Best Practices For Avoiding WFH Burnout

The pandemic hasn’t been favourable to anyone. The global workforce preferences have changed, and employees have learned to adjust to the new normal. The remote work culture will continue to evolve as we wait for the novel Coronavirus to be eradicated in the years ahead. 

Although employees are dealing with isolation due to social-distancing norms much better today than they did a few months ago, the lines between personal and professional life have gotten blurred. Employees keep working till wee hours of the night since their office is in the comfort of their home. This has started to lead to a more serious issue – employee burnout.

Research shows that employees with poor work life balance are more prone to anxiety and depression. This has brought to light the need for a more tailored, and compartmentalized approach for setting boundaries. 

For managers handling remote teams, it is crucial to make use of top project management software for planning work in an organized way and allocating work more efficiently. This helps employees be clear about what is expected of them and schedule their day better.

Let’s look at some ways to avoid burnout, or bounce back from it if you are already experiencing it.

  • Be realistic:

The number one advice to prevent yourself from feeling burnt out is to be realistic about your self-expectations. It is important to set goals and hold yourself accountable for achieving them, but be pragmatic about them in order to save yourself from disappointment.

When employees set achievable targets and manage to attain them, they end their day feeling proud of themselves. On the contrary when they set the bar too high and are not able to meet it, it leads to a constant feeling of failure leading to high stress.

  • Learn to disassociate from your phone:

Smartphones may have revolutionized our lives, but they are equally responsible for wasting the major portion of our day. The constant notifications keep causing distractions and we fall into the trap, and end up forgetting about the task at hand.

When you get into an important task, go offline or put your phone on silent so you can focus better. This allows you to finish work in less time as there are no distractions and you save yourself from the guilt of wasting the most productive hours of your day.

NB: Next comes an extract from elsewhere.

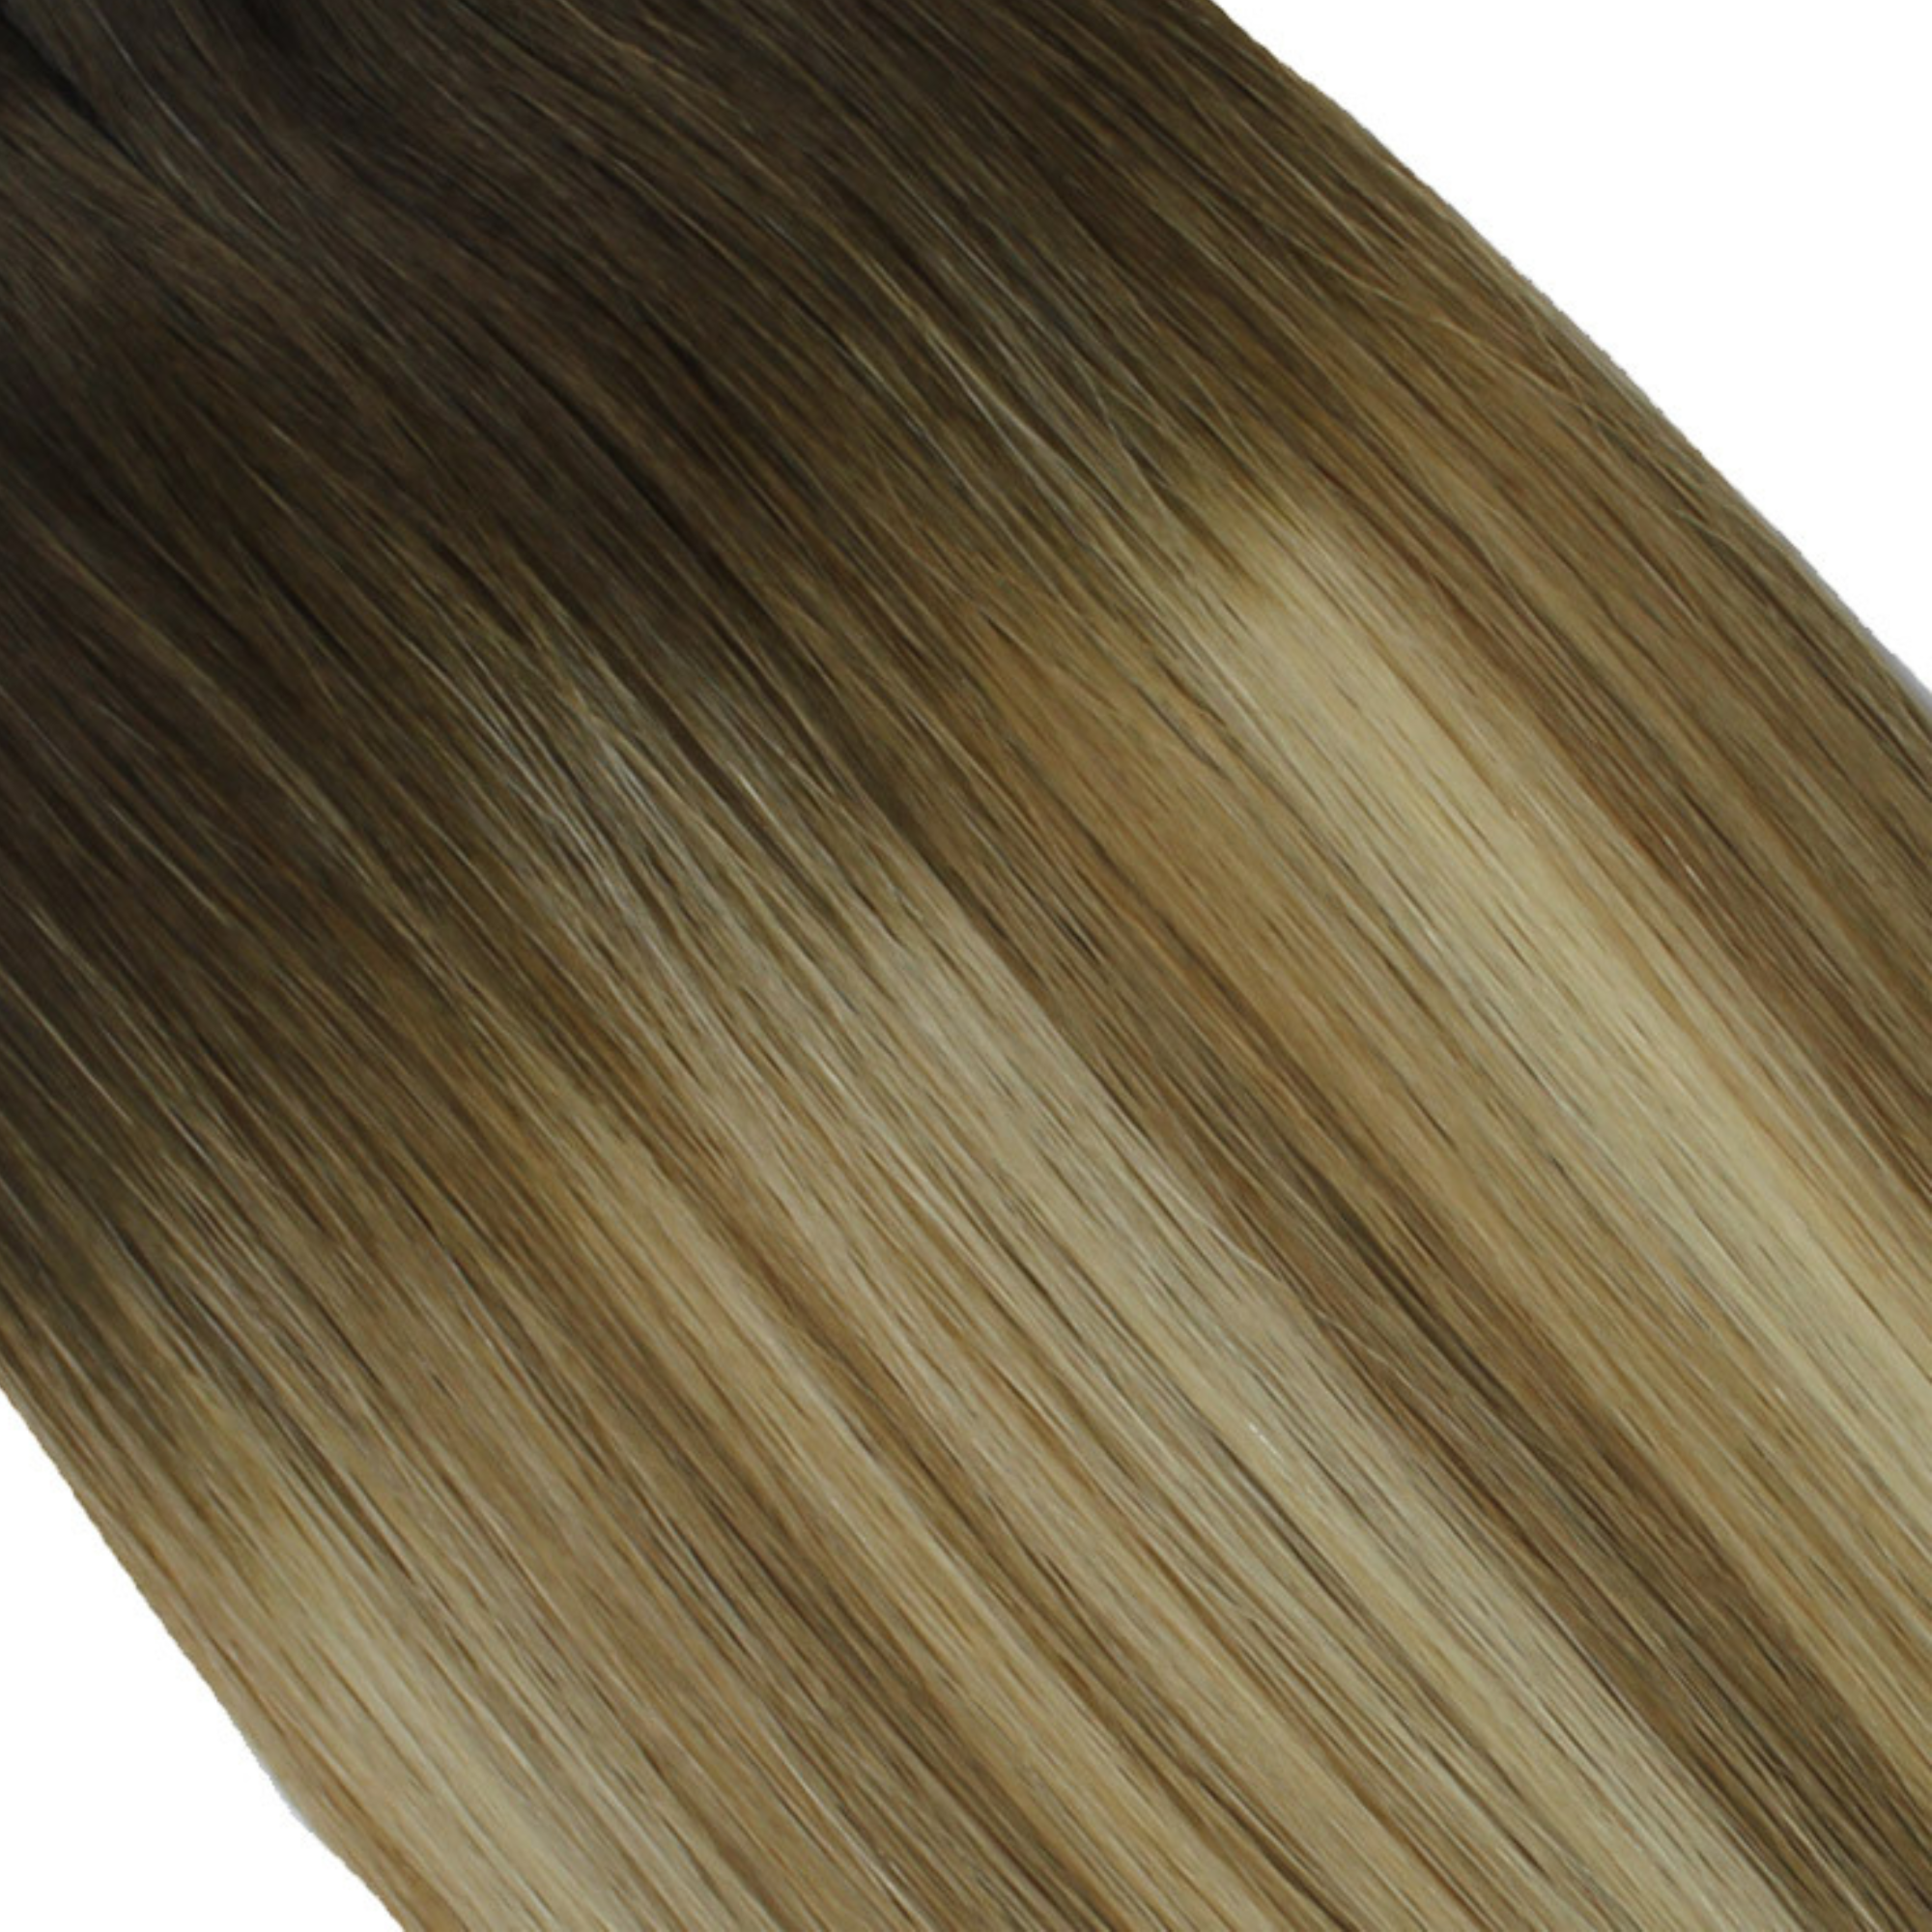 "hair rehab london 22" tape hair extensions shade swatch titled rooted supermodel"

  • Understand the art of prioritizing:

Employees often dive into work first thing in the morning without any direction. Starting your day with most important tasks is crucial to ensure they don’t get carried forward to the later hours when your energy levels have gotten depleted.

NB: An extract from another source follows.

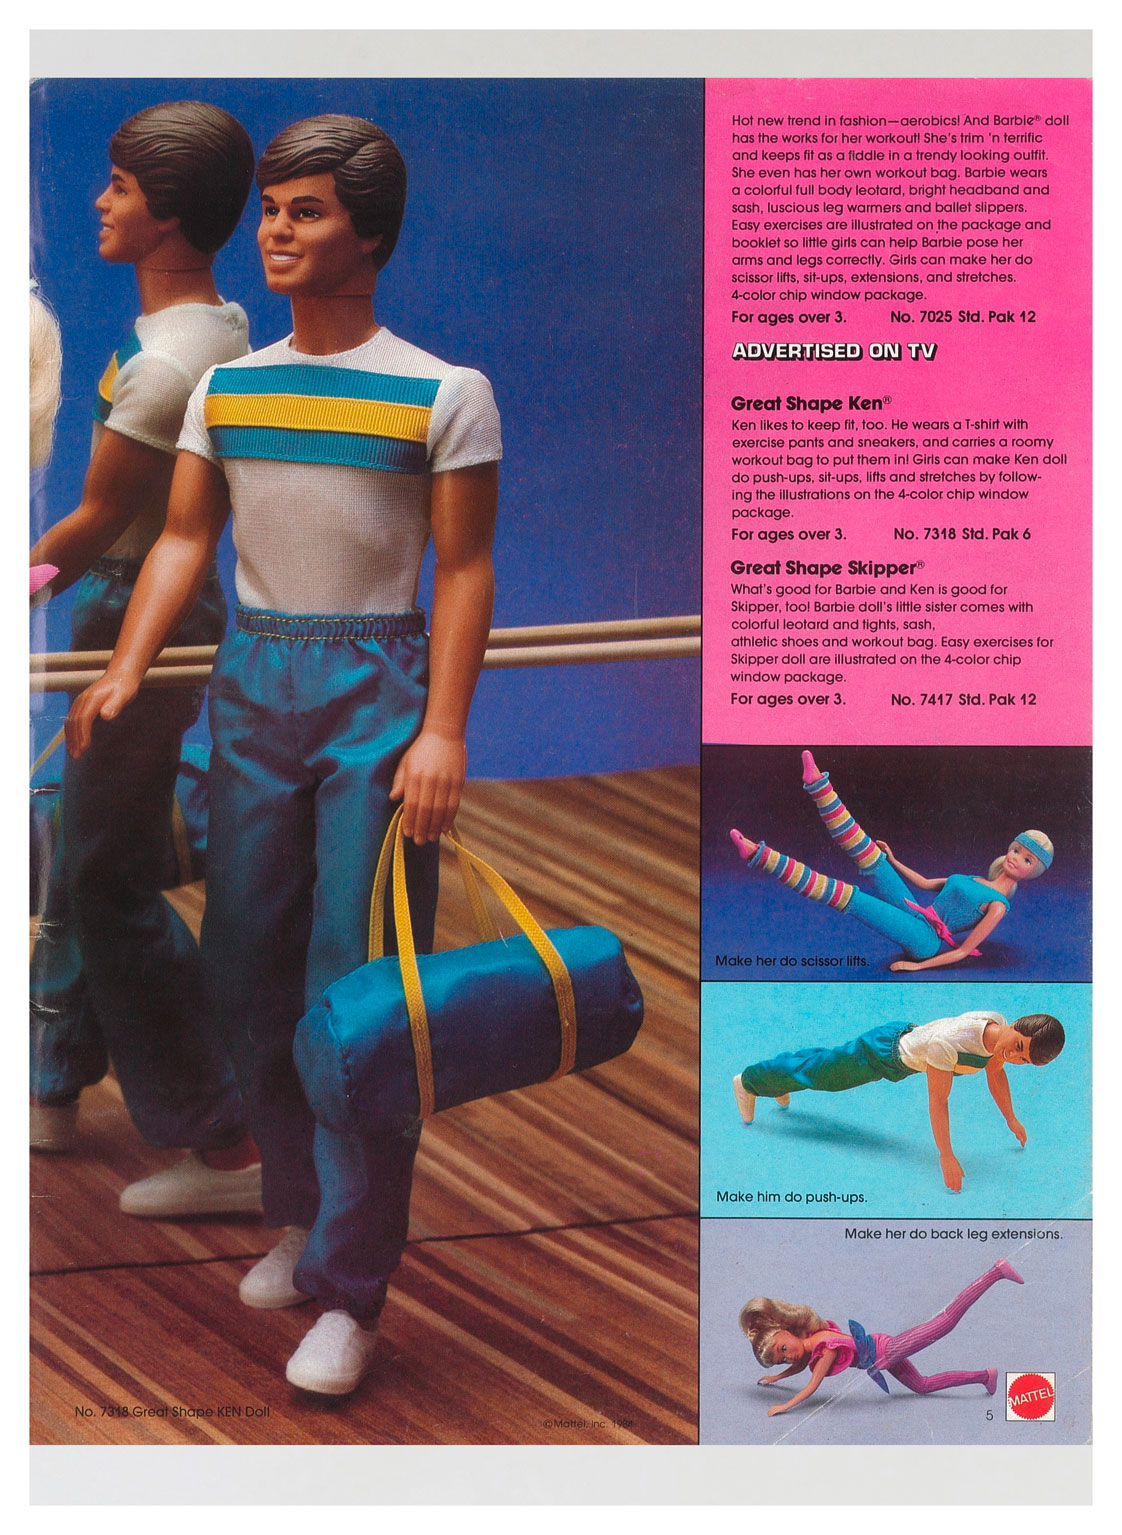 From 1984 Mattel Toys catalogue

Prioritizing tasks helps you utilize your high productivity hours for important work so you feel less stressed in the later hours of the day. Make a to-do list in the order of priority a night before to have a schedule ready that helps you feel more relaxed in the morning.

  • Add one physical activity to your routine:

One of the best ways to avoid WFH burnout is to engage in some or the other form of physical activity. Playing a sport releases endorphins and helps you stay agile. The social engagement with other players(even if it’s your family members) is an added benefit.

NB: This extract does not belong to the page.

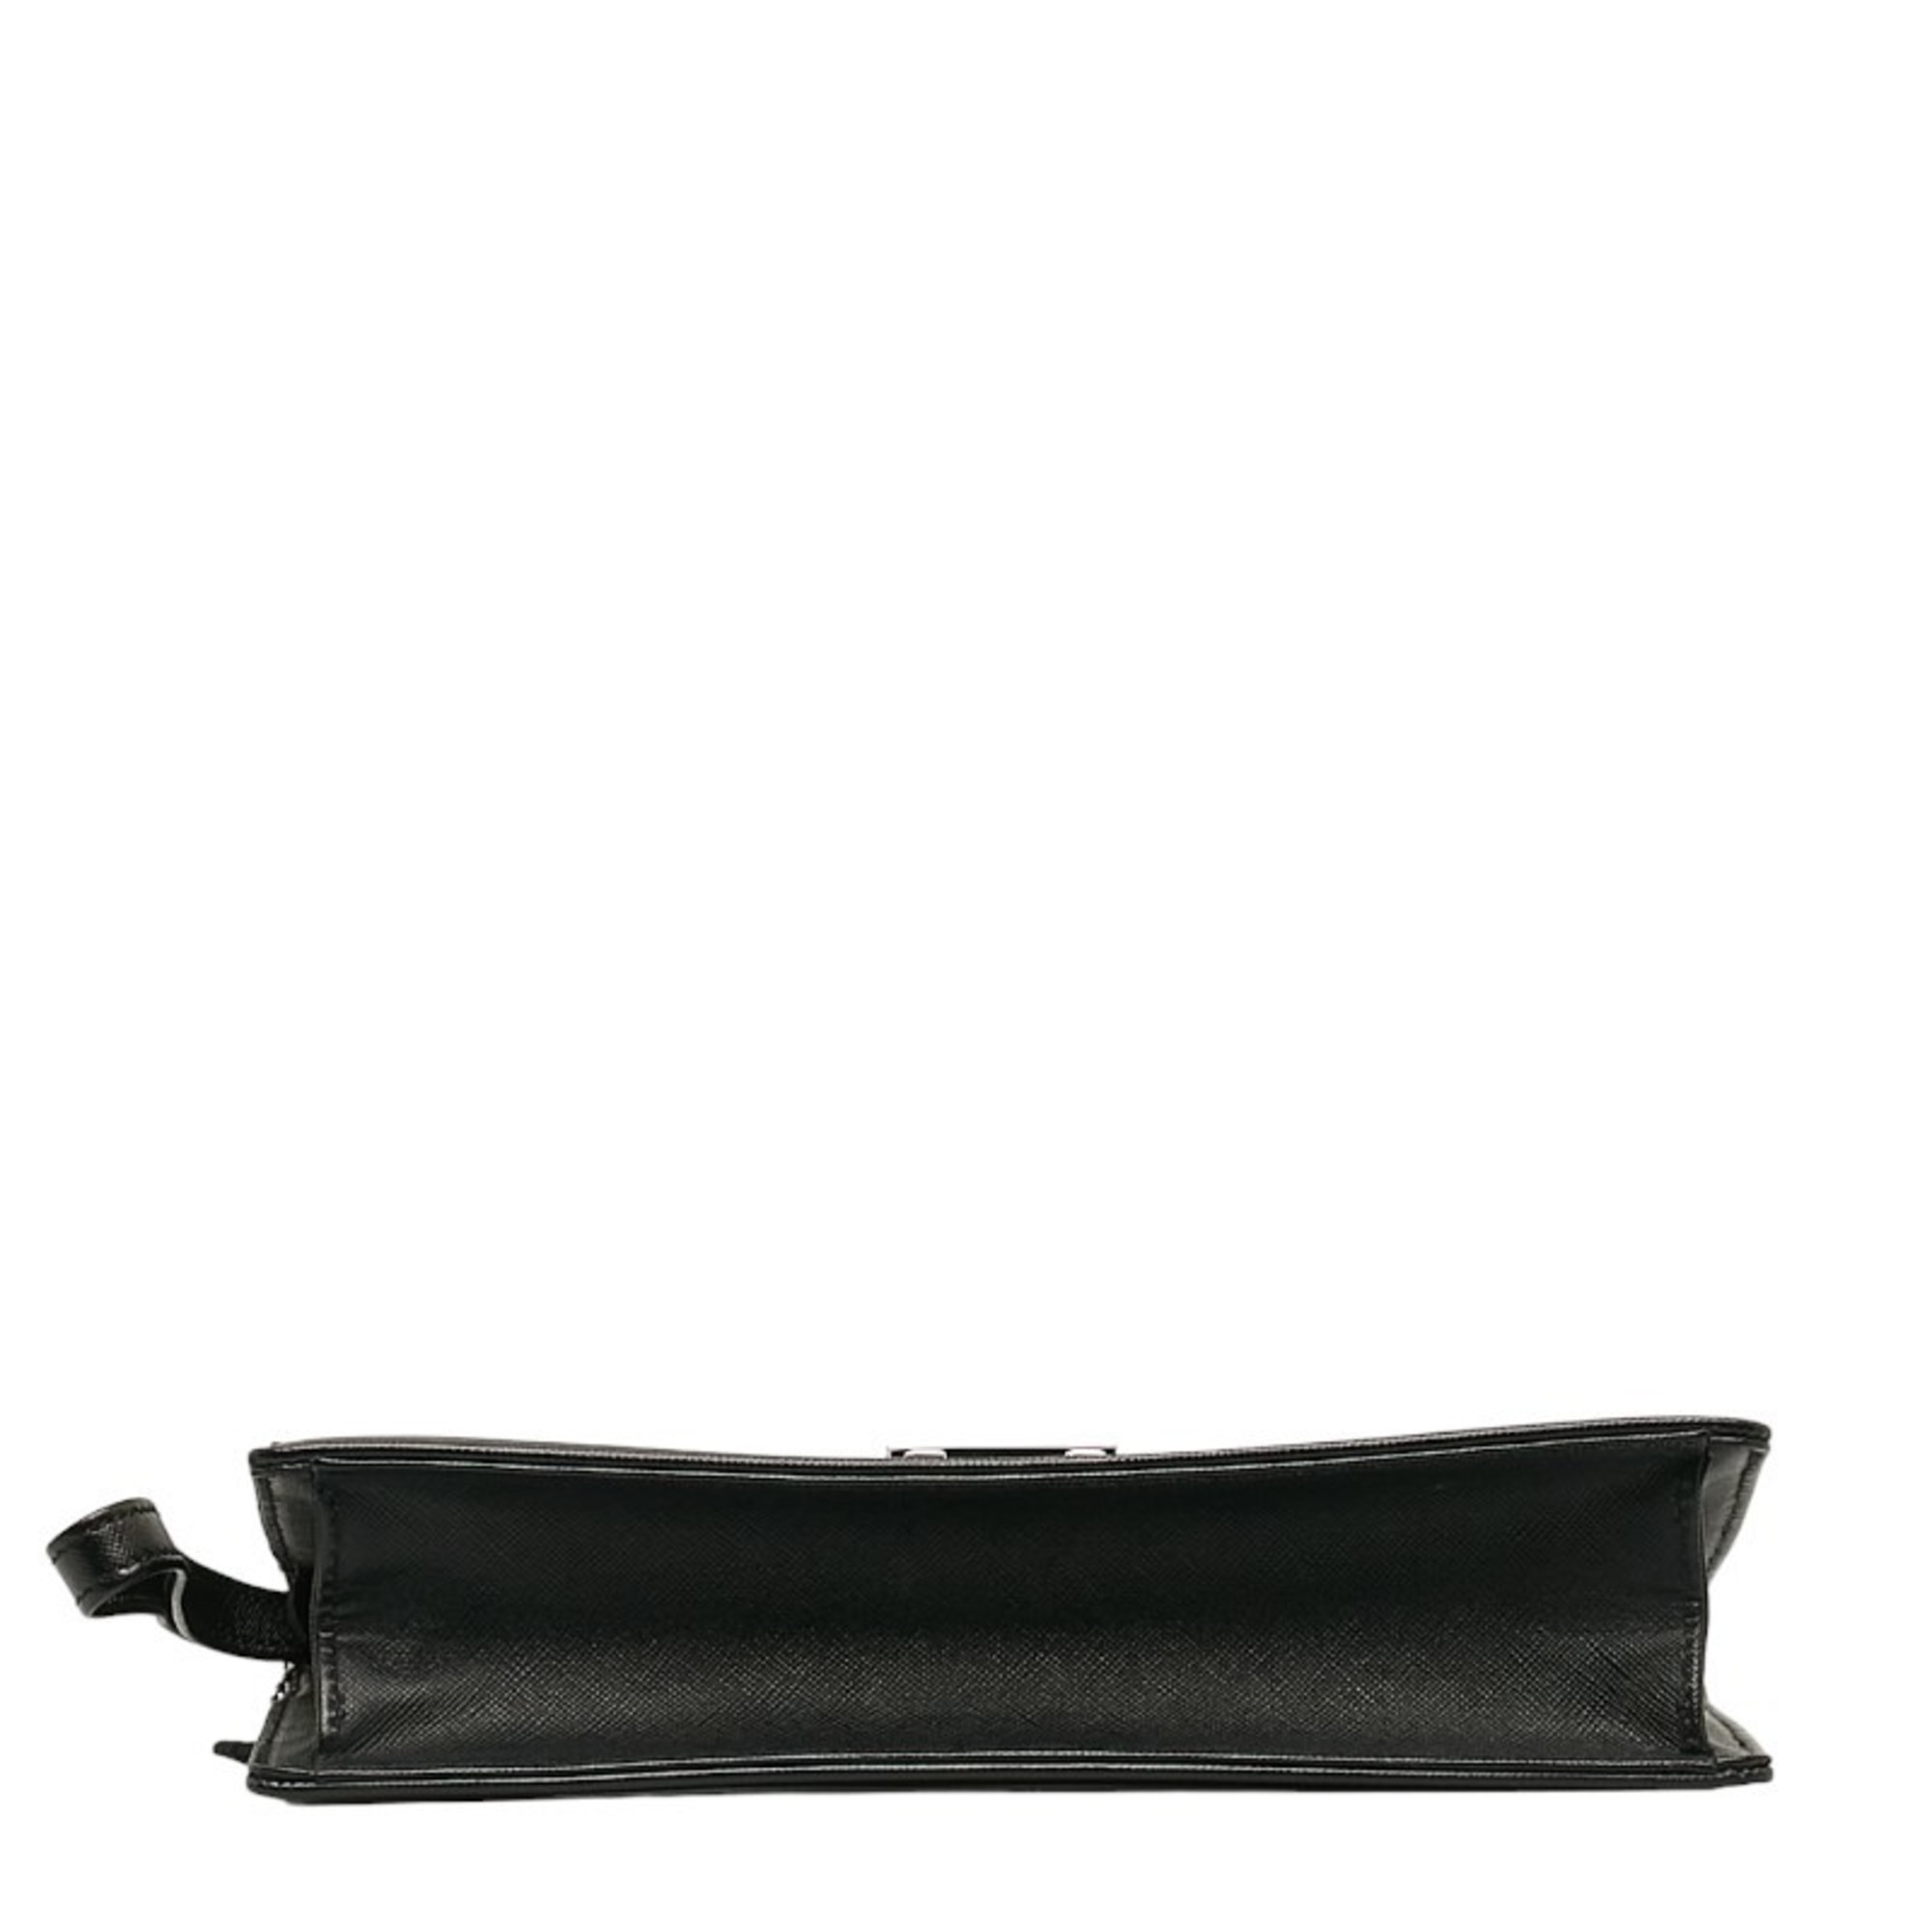 Burberry Clutch Bag Second Black Leather Women's BURBERRY

Regular exercise can help you feel more active and improve your mood, which lowers feelings of anxiety and depression. Even if you don’t engage in a rigorous workout routine, just a short walk outside to get fresh air can do wonders for your mental health.

Conclusion: In a nutshell, outdated work patterns simply won’t be effective for employees today to prevent themselves from a burnout. We hope the above mentioned recommendations will help you have better control on your day and thereby avoid burnout in the long run.